When you consider that Barry Bonds was “only” worth about 0.78 extra runs above average per game during the 2001-2004 seasons, the height of his insane, steroid-fueled, record-breaking production streak, the potential value of pitch-framing comes into sharp relief. Indeed, the 2016 MLB offensive leaders were Mike Trout (AL) and Joey Votto (NL), worth 56.2 and 51.2 extra runs per season (around one-third of a run per game), respectively. According to the data, a good pitch-framer is worth a good bit more than that. Pursuant to further analysis by Dan Turkenkopf, now Director of Baseball Research & Development for the Milwaukee Brewers, the average value of turning a single ball into a strike is 0.13 runs. Do that a few times per game, as good receivers do, and a surprising number of losses turn into wins.

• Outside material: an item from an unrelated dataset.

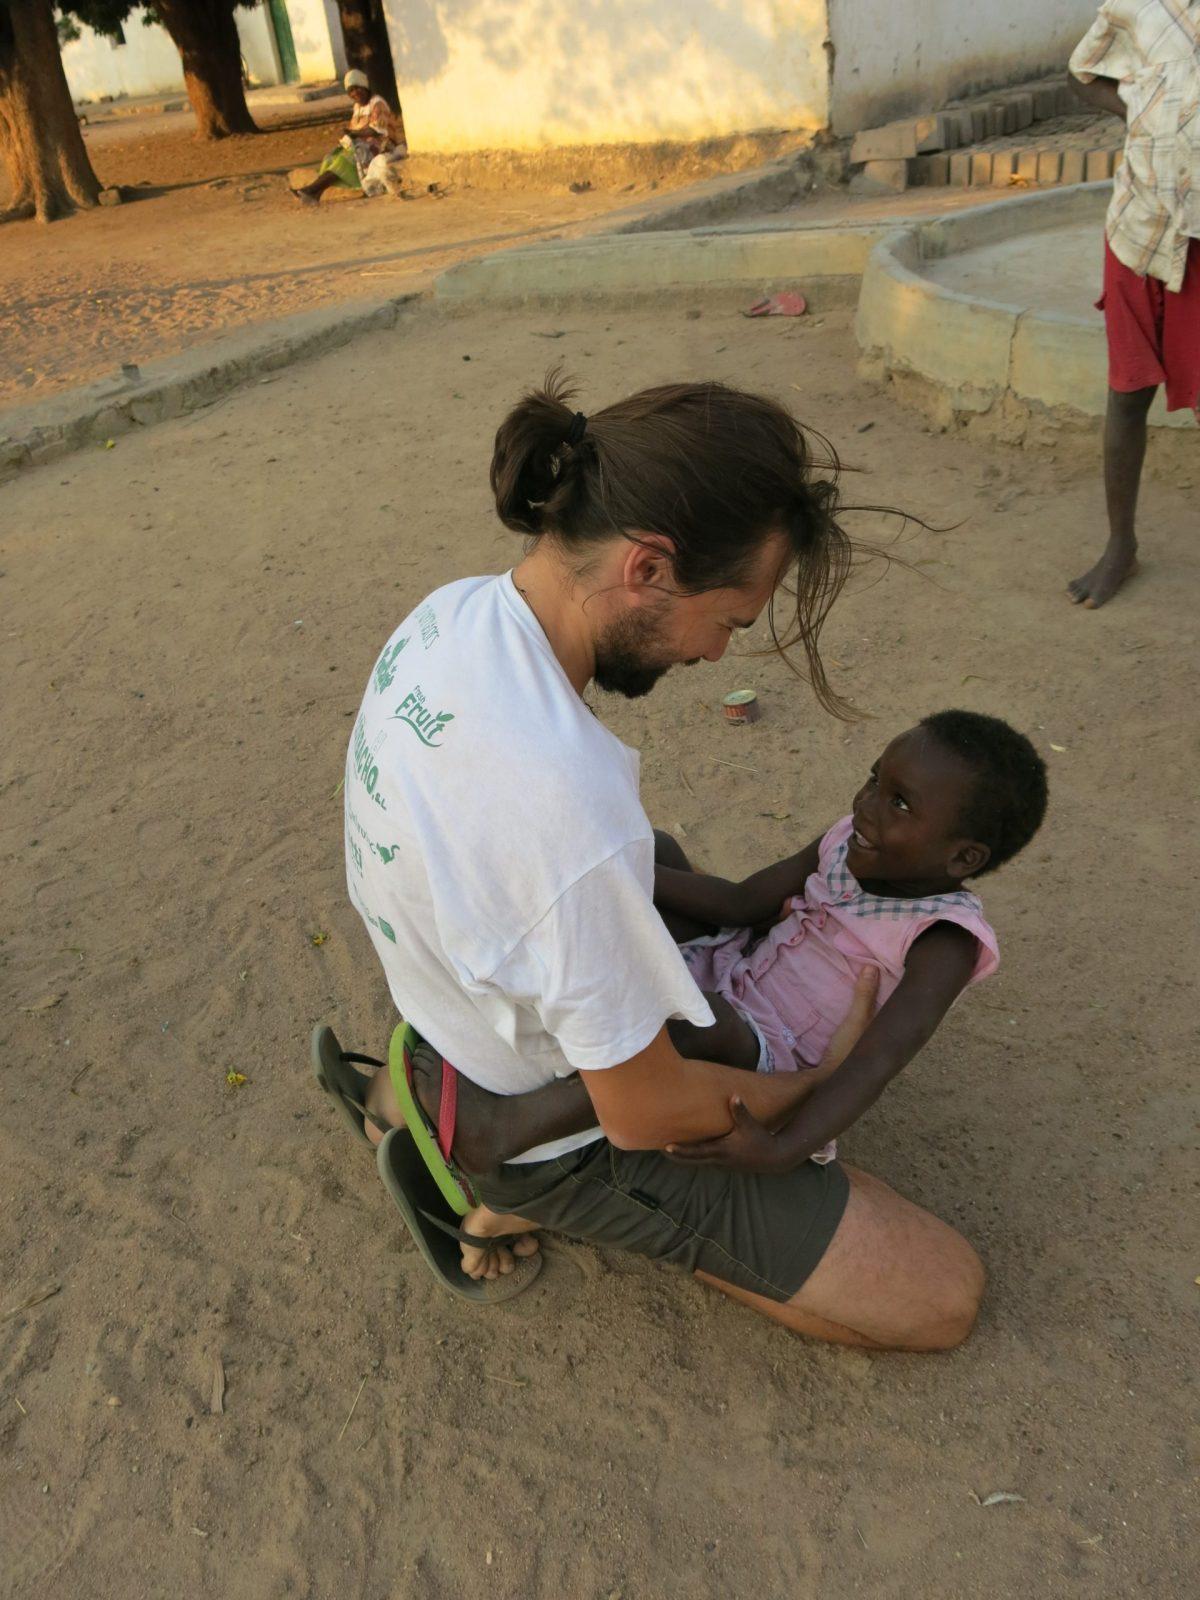 Lo esencial africa dr alegria etiopia

Before pitch-framing became statistically quantifiable, Molina’s receiving skills were generally known and valued (to a point – he never made big money), but nebulous. His weak bat, on the other hand, was easier to see, and almost as easy to quantify. On account of this second factor, a good pitch-framer is still an undervalued asset to be exploited by smart general managers and an especially valued commodity to teams that don’t have the financial resources to pay for superstars by more traditional measures.
On the other hand, as more teams recognize the value of pitch-framing, we can expect both that the cost of a good pitch-framer will go up and that the advantage of having a good receiver will go down as teams focus on developing good ones, driving the value of framing down (in much the same way that, in the investing world, good trades get crowded and, on account of the paradox of skill, investors can get better yet find it harder to outperform). In other words, since we’re talking about zero sum games (both baseball and investing), if everybody’s good then nobody’s good. Indeed, there is some evidence, as yet inconclusive, that pitch-framing may already be a diminishing advantage.

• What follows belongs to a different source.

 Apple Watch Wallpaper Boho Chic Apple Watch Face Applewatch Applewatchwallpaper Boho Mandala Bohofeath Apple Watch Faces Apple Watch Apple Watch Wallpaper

That said, there will almost surely continue to be inefficiencies to exploit for those smart and creative enough to find them and hold onto them. “I hear people say silly things like, ‘What happens when everybody in baseball is smart?’” Bill James says. “That’s just ridiculous. One form of ignorance will always replace another. There will always be smart teams and dumb teams. As [comedian] Ron White said: ‘You can’t fix stupid.’” In the meantime, it’s “a lot easier to teach somebody how to frame a pitch than it would be to teach them how to hit homers and drive in runs,” as Toronto Blue Jay catcher Russell Martin notes.

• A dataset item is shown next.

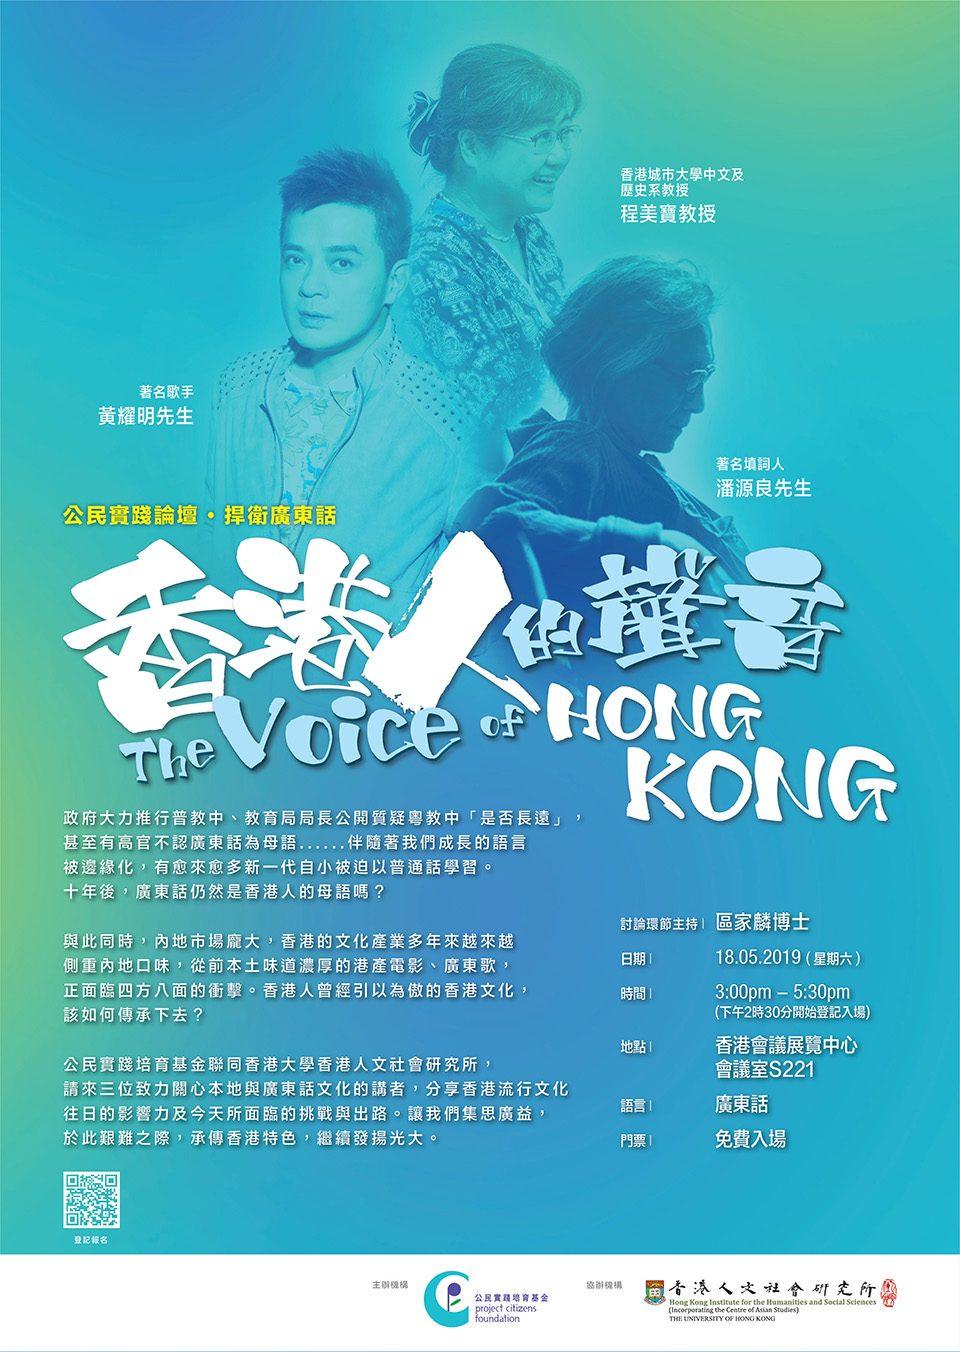 Project Citizens Forum: Project Citizens Forum: The Voice of Hong Kong (May 18, 2019)

When pitch-framing video analysis was in its infancy, it was discounted because the impact found was so large: “the results just seem too outlandish to be correct.” And it remains uncertain if pitch-framing is truly as significant as current analysis suggests. It remains unclear, for example, how to divide the credit between pitcher and catcher for pitch-framing (the umpire and the hitter have roles to play in this drama too). Surely the catcher deserves plaudits for framing the pitch but the pitcher had to hit that spot.
The discussion and the debate are far from over. But we do know that old-timers like Tim McCarver were a lot closer to being right than the analytics geeks, at least about pitch-framing. Even so, the easy answer for baseball front offices at this point is something like what Aristotle called the “golden mean,” what Confucius called the “doctrine of the mean” and what Buddhists call the “middle way,” which is the desirable middle between two extremes (or at least a happy medium), including both traditional scouting and analytics.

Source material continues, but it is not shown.